-------- RECORDS SHOWN

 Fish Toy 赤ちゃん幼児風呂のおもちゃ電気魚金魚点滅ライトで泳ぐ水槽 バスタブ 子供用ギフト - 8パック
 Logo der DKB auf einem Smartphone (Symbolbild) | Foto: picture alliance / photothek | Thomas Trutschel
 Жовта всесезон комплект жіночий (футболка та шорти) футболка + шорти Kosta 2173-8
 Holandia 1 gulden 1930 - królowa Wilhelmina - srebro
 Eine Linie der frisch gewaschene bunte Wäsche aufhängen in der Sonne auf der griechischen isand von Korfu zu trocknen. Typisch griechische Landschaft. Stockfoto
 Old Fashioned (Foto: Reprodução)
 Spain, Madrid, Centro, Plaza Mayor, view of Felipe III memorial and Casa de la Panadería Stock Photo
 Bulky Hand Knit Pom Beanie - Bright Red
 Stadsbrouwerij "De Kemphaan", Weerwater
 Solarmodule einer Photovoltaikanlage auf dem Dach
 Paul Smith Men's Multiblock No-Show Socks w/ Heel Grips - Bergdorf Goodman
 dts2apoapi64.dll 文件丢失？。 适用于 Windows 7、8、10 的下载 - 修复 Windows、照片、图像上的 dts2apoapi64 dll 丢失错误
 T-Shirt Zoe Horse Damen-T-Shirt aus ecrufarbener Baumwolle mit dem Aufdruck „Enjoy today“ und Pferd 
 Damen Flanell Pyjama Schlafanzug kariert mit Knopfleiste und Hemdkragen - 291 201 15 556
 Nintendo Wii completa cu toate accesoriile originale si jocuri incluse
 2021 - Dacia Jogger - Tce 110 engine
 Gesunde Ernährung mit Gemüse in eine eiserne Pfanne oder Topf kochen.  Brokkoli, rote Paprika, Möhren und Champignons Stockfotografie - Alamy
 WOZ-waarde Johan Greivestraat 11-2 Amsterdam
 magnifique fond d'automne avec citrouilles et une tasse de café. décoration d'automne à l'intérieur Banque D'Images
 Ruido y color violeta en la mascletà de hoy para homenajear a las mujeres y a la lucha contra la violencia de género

----------------

YOUR TASK: Your answer should consist solely of the lines from the one containing "magnifique fond d'automne" through the last line of the listing, written out word for word.

FINISHED EXERCISE:
 magnifique fond d'automne avec citrouilles et une tasse de café. décoration d'automne à l'intérieur Banque D'Images
 Ruido y color violeta en la mascletà de hoy para homenajear a las mujeres y a la lucha contra la violencia de género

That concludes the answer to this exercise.